What you should do
From the first line to the last, restate the data exactly, leaving out the images.

Available data

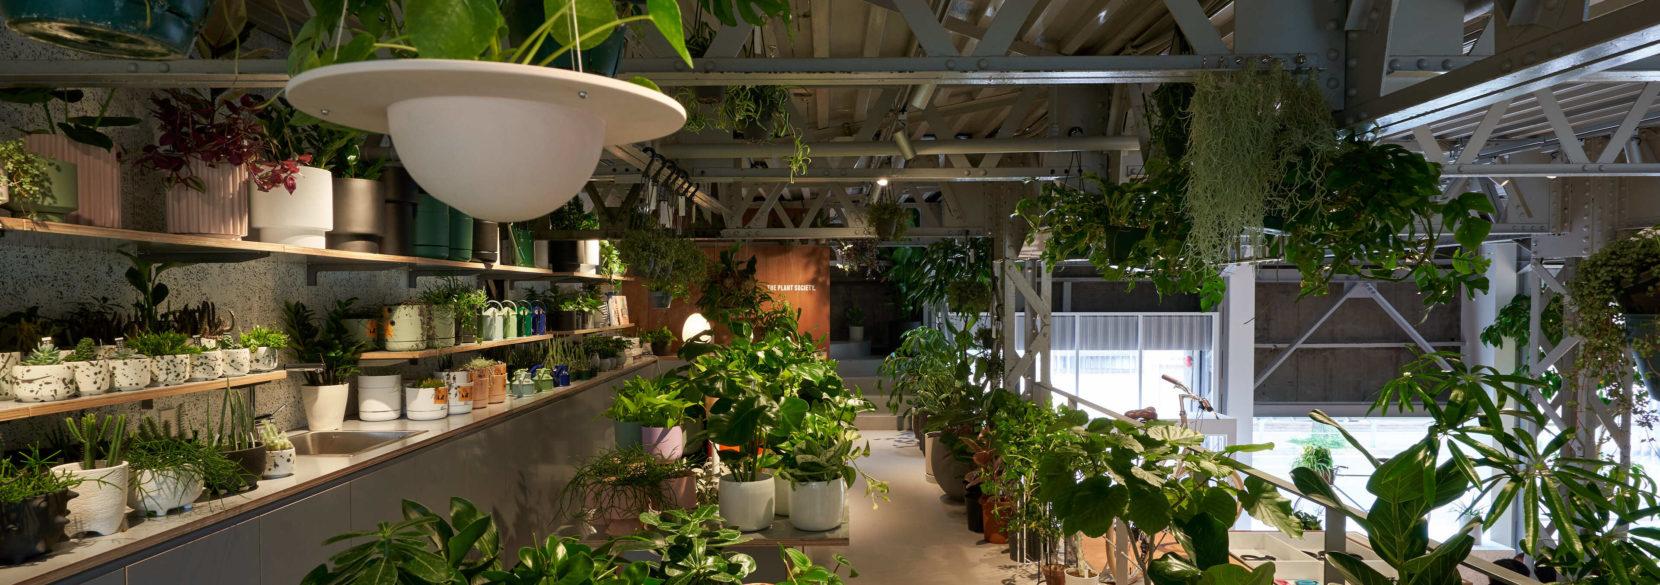 TOKYOBIKE TOKYOB PLANTS SOCIETY
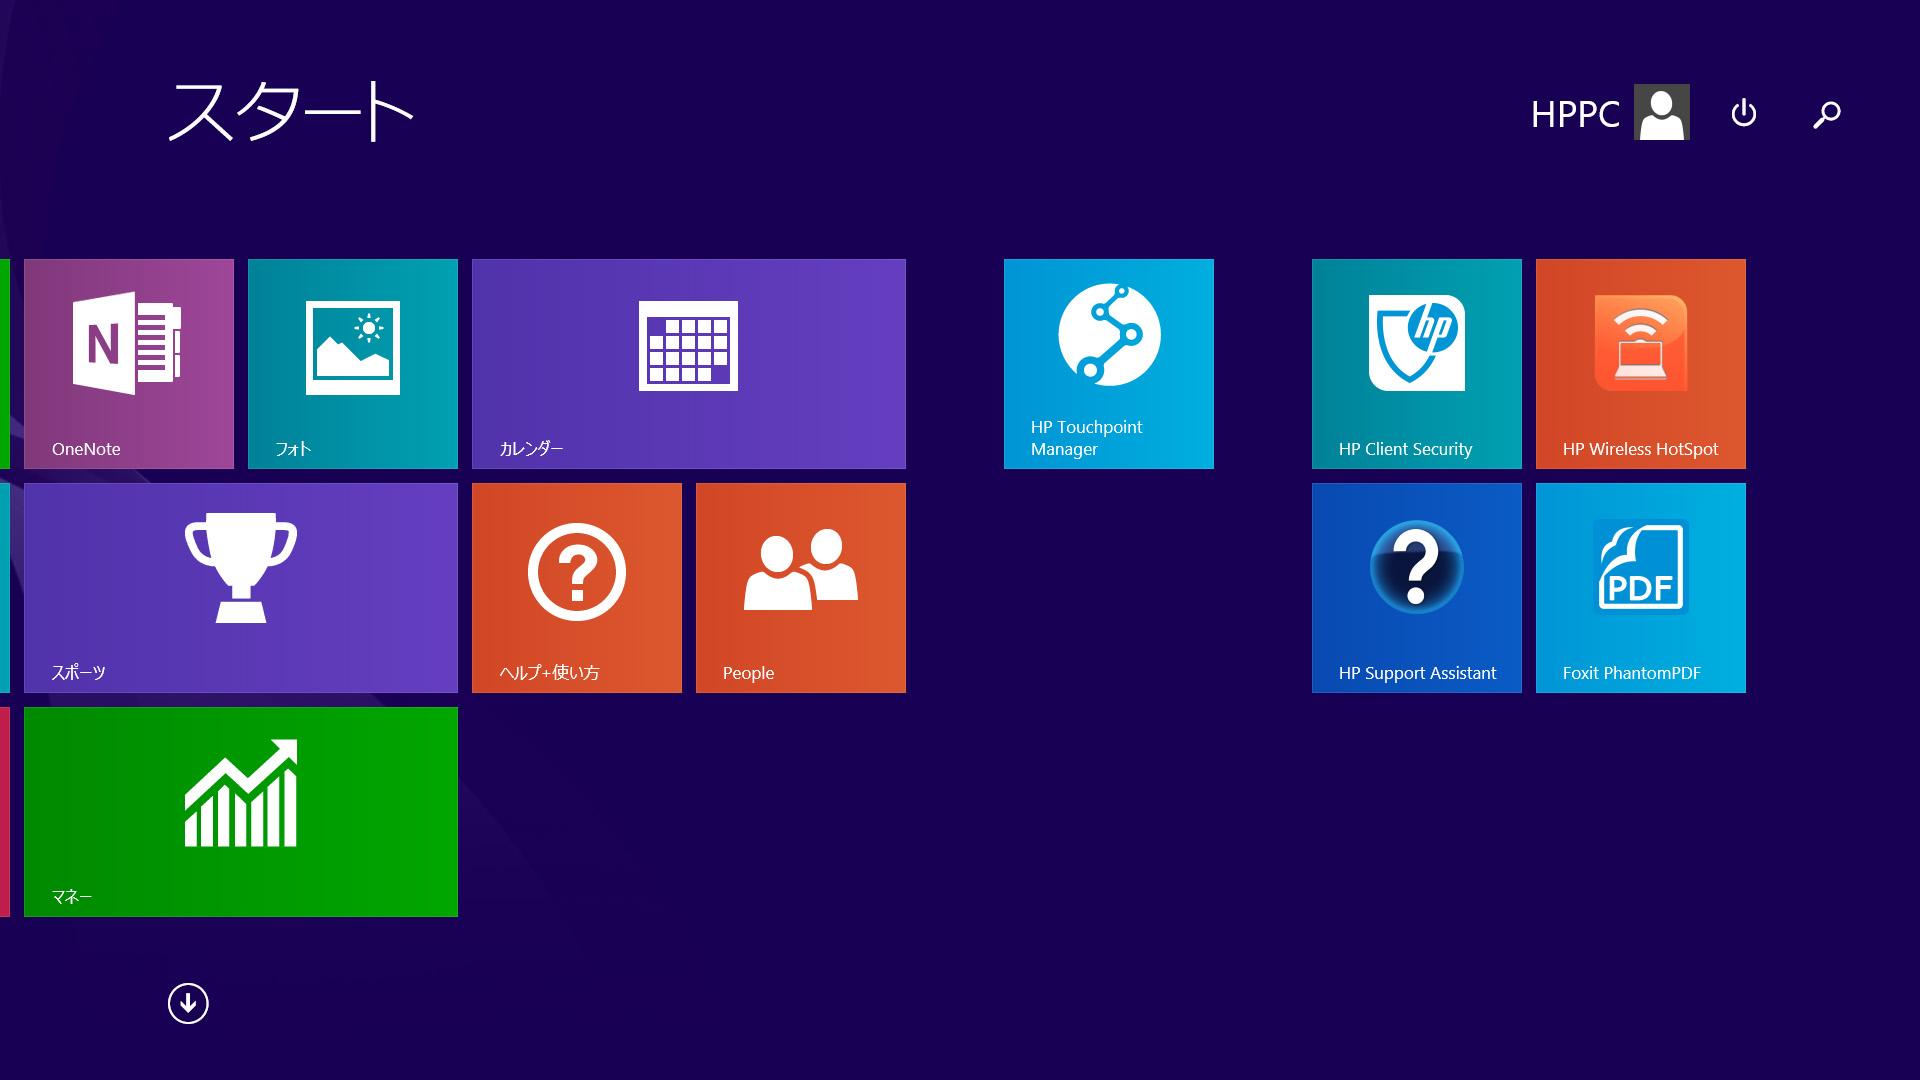 スタート画面。2HP Touchpoint Manager以降がプリインストール。後ろ4つはデスクトップアプリ
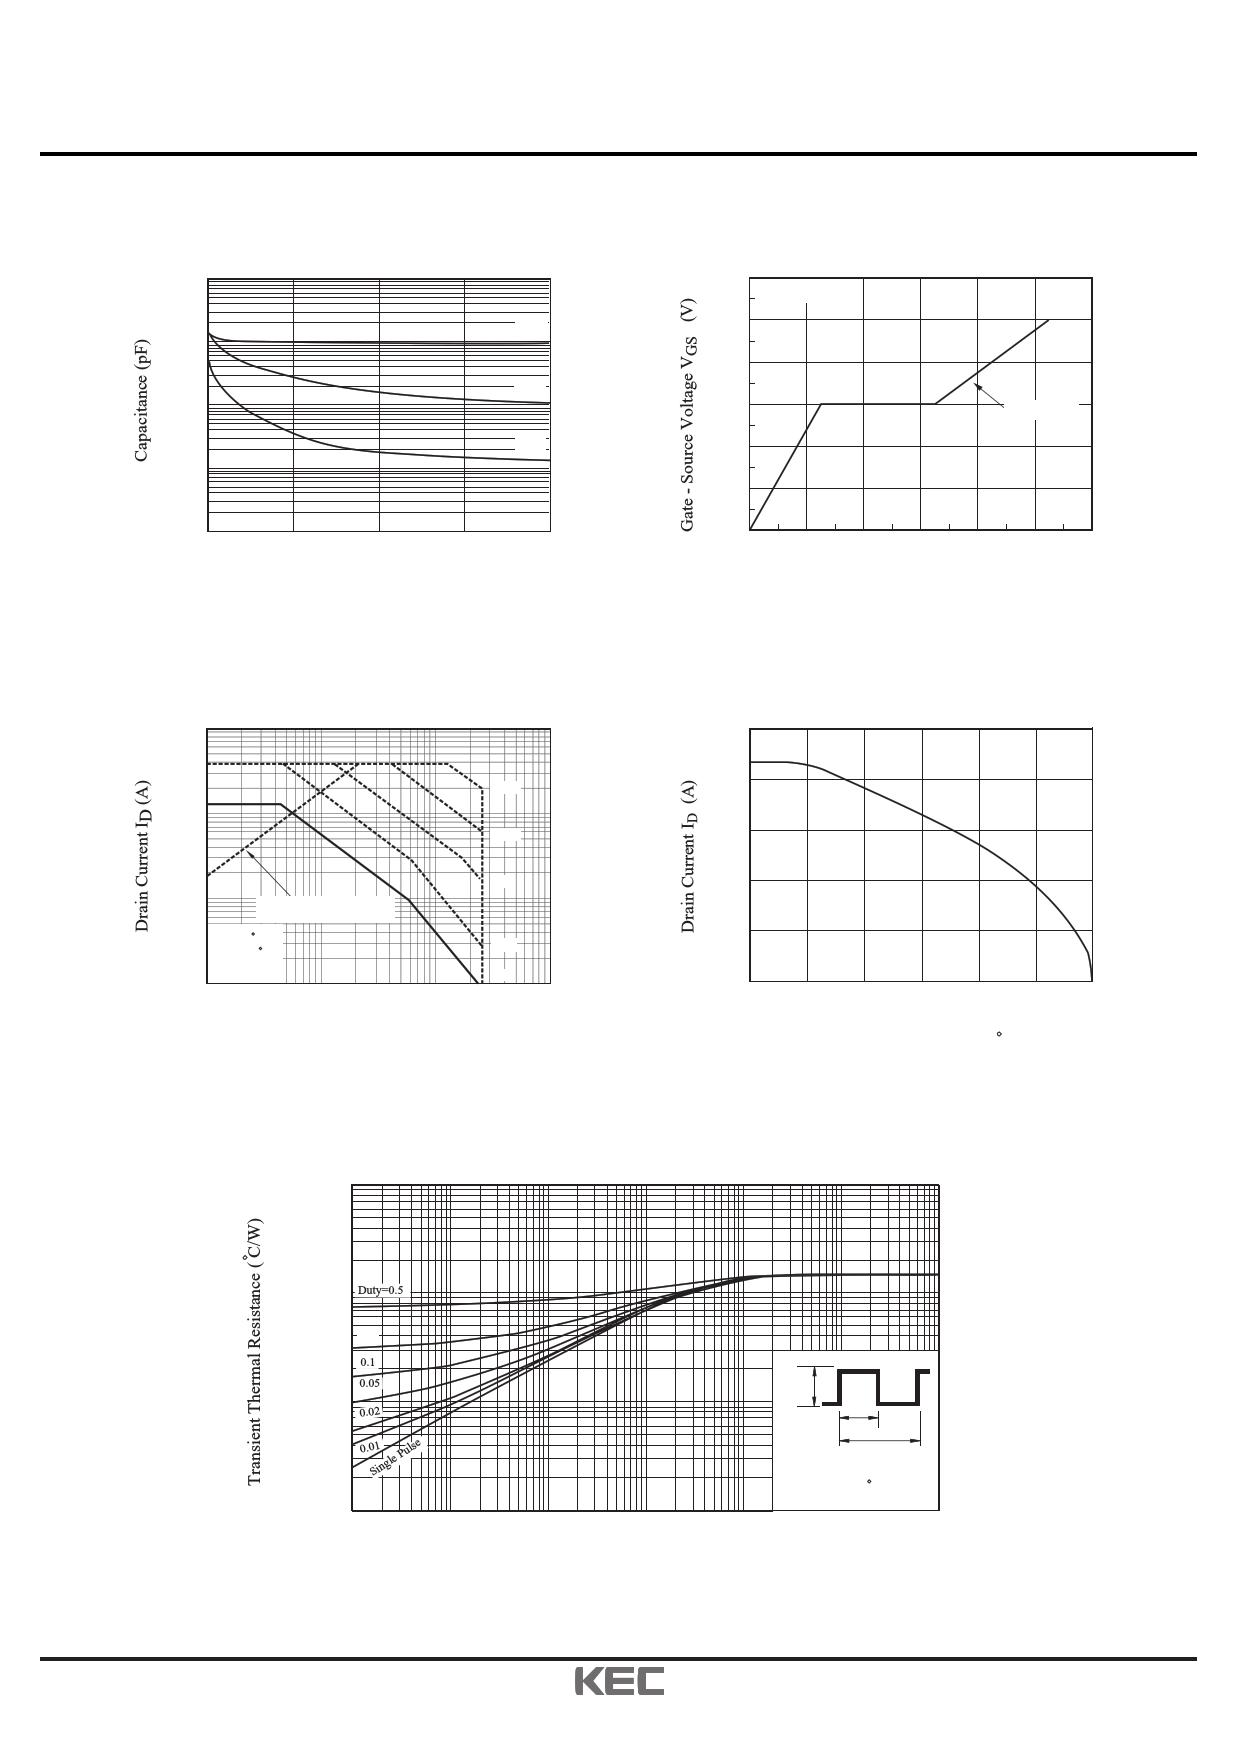 KF16N25D pdf, 반도체, 판매, 대치품
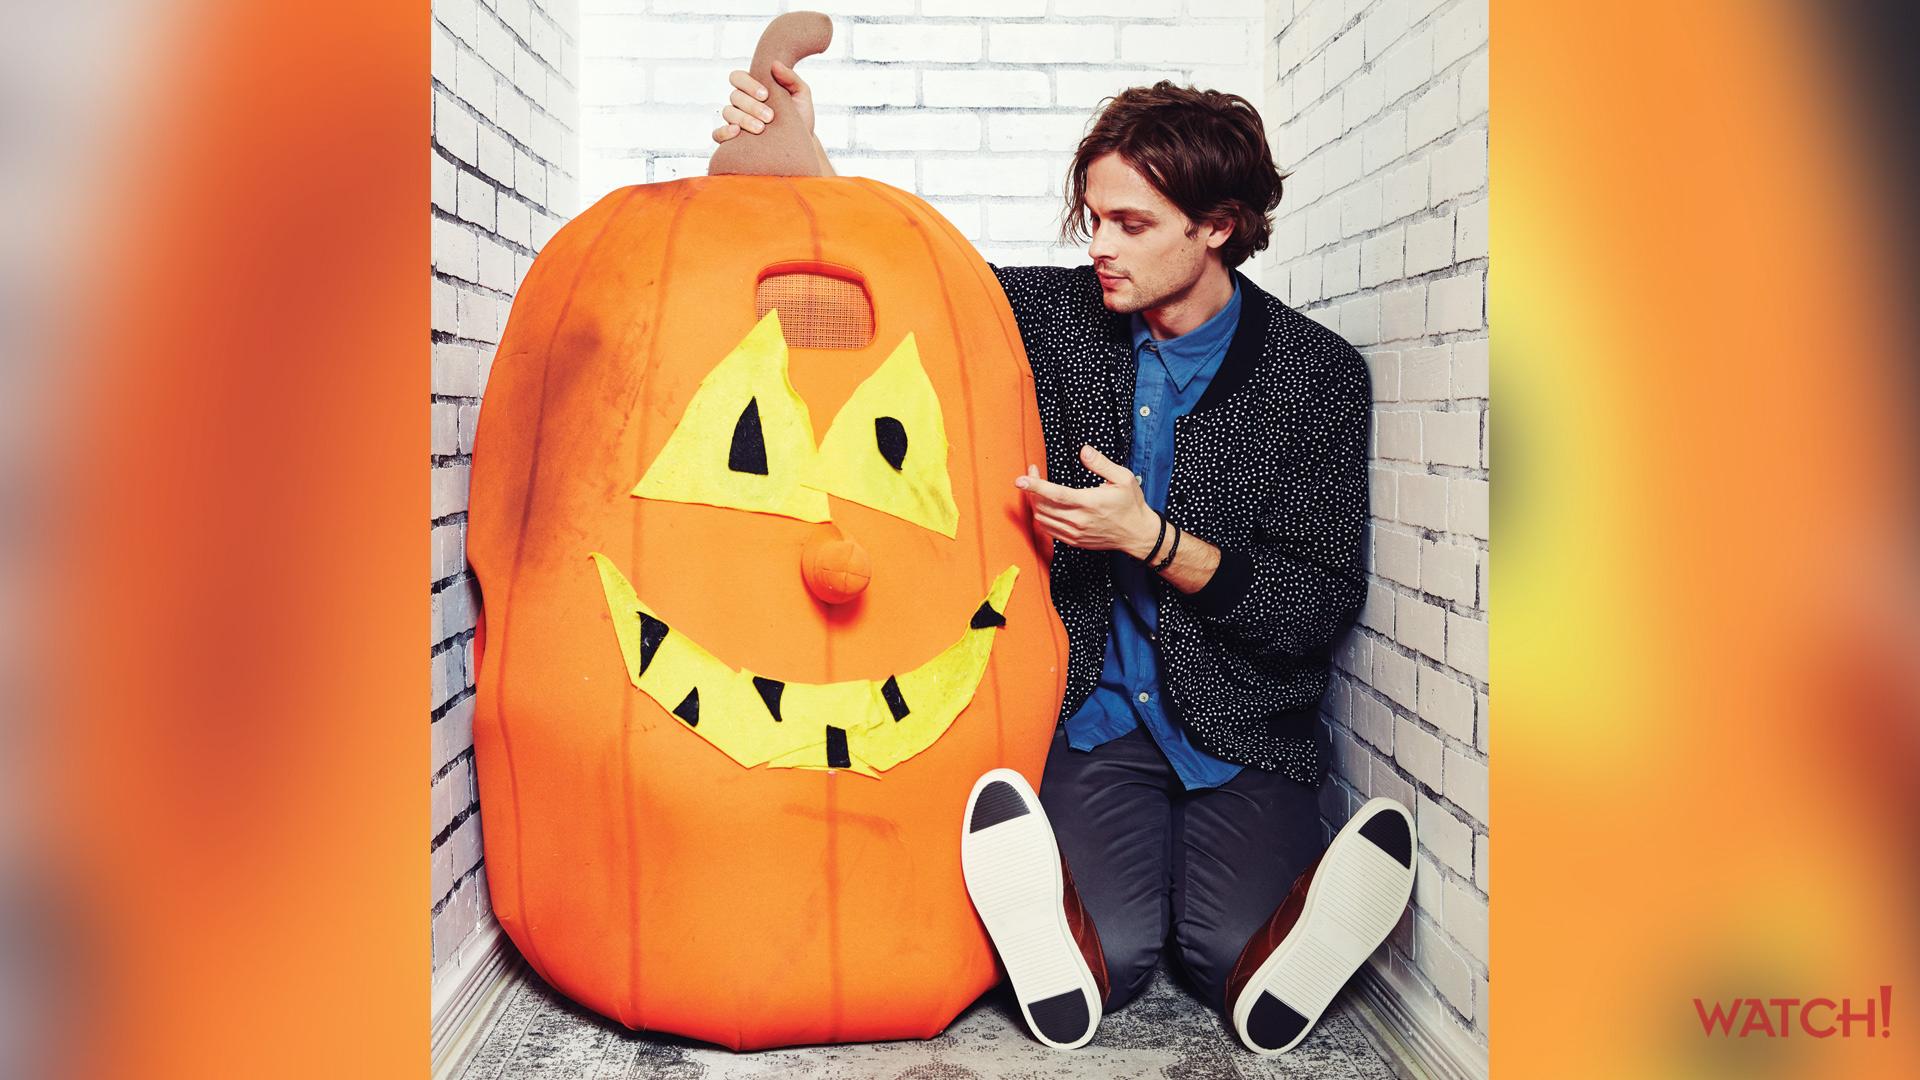 Sweetie pumpkin

Written solution
 TOKYOBIKE TOKYOB PLANTS SOCIETY
 スタート画面。2HP Touchpoint Manager以降がプリインストール。後ろ4つはデスクトップアプリ
 KF16N25D pdf, 반도체, 판매, 대치품
 Sweetie pumpkin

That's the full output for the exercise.